00:15:32.700 It's actually funny.
00:15:34.640 Reporters, news reporters in Canada used to commonly refer to this as illegal immigration.
00:15:38.940 Then the Trudeau government held a series of press conferences saying that it shouldn't be called illegal immigration.
00:15:44.880 It should be called irregular immigration.
00:15:47.180 And then all the news media just sort of fell in line.
00:15:49.680 And it was like that from that day forth, every report called it irregular immigration.
00:15:54.700 And that was sort of like illegal was a dog whistle.
00:15:57.360 So that's a very, but, you know, just that's very similar to what's been happening with the Corona situation.
00:16:04.400 CNN in America has, in recent days, been criticizing various Trump supporters and Trump officials for referring to the Chinese virus or to the Chinese Wuhan virus and so on.
00:16:16.300 And yet there are dozens of videos you can see online of CNN reporters using exactly the same terminology up until yesterday, you know.
00:16:25.940 And so what is what is really going on here?
00:16:29.420 I just said there's two things in each of these cases.
00:16:33.020 One is it's in the face of potentially catastrophic events or at least world changing events.
00:16:41.640 It is much easier as societies like with individuals to focus on the small number of things we correctly or otherwise believe to be within our control.
00:16:52.960 Because there is so much that is outside of our control.
00:16:57.460 You know, we cannot do anything to stop potentially thousands of people dying in Europe, Italy, anywhere else.
00:17:06.620 We can do very little to stop the stock market crashing in such a way that a lot of Canadian house owners are in serious financial trouble at some point.
00:17:23.900 We can do very little to nothing about these things.
00:17:27.460 So we very often, I think, as human beings console ourselves with what we cannot deal with by doubling down, being especially pernickety about those remaining things we correctly or otherwise think are in our control and within our competency at such moments.
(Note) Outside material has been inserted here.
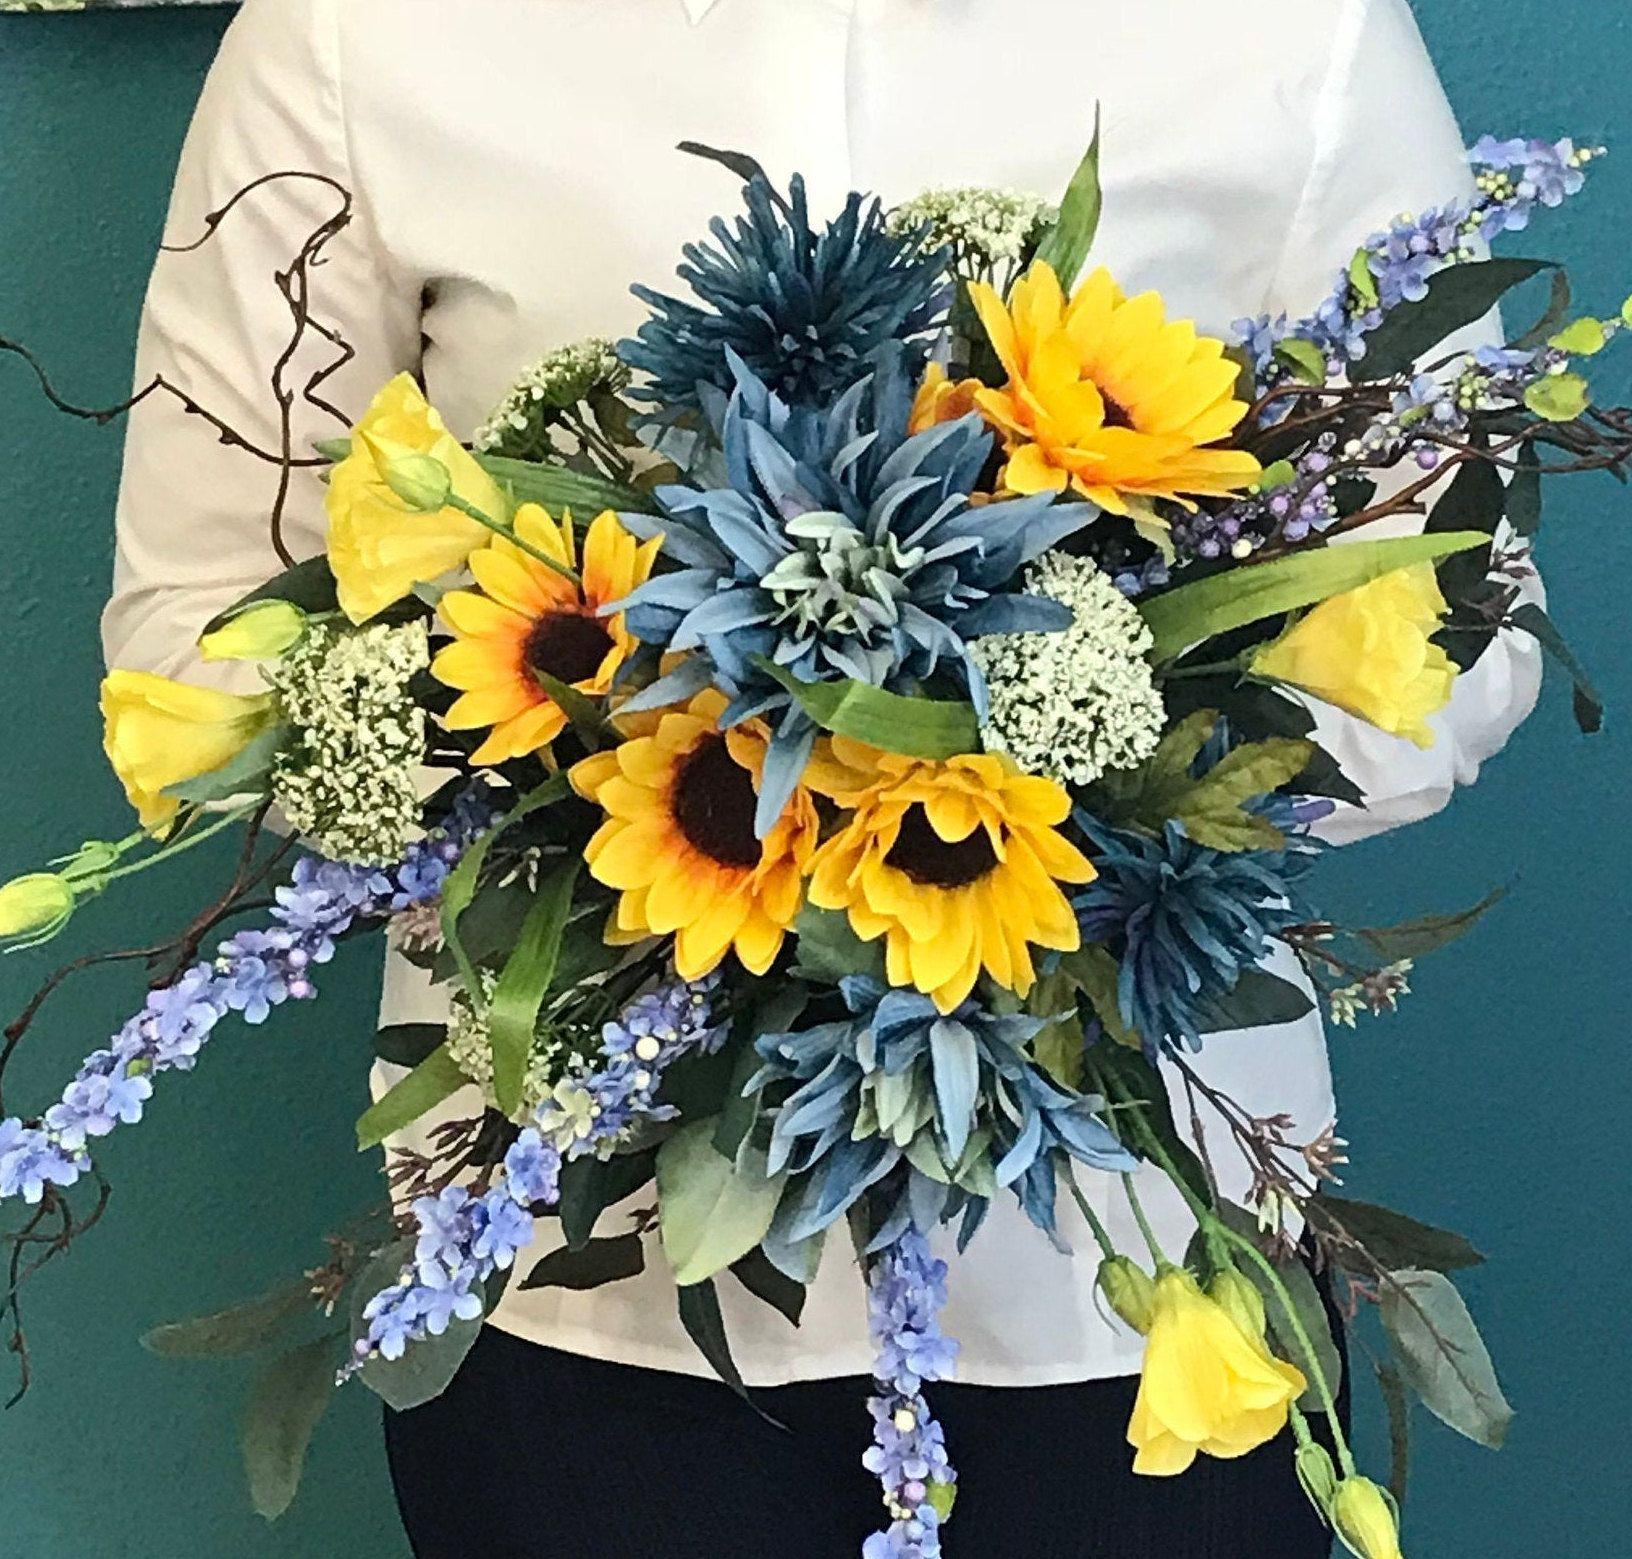 Extra Large Indigo & Sunflower Silk Cascading Bridal Bouquet-Blue Silk Dahlia Bouquet-Sunflower Bridal Bouquet-Unique Blue Sunflower Bouquet #silkbridalbouquet

00:17:47.980 Like a cat that, you know, sort of grooms themselves at a moment of disaster, you know, because it can't do anything with the wider situation it finds itself in.
00:18:02.080 And I think that that is the first the first thing that is going on.
00:18:07.260 The second is we have and I've written about this a lot, as you know, we all always have in every age sacred values.
00:18:15.320 And in a way, the interesting thing of our age is working out what those sacred values are in Canada, in particular, those sacred values include, you know, openness, tolerance.
00:18:29.320 That includes open borders, you know, unrestricted immigration, not wanting to call anyone illegal and all of that bucket of familiar tropes.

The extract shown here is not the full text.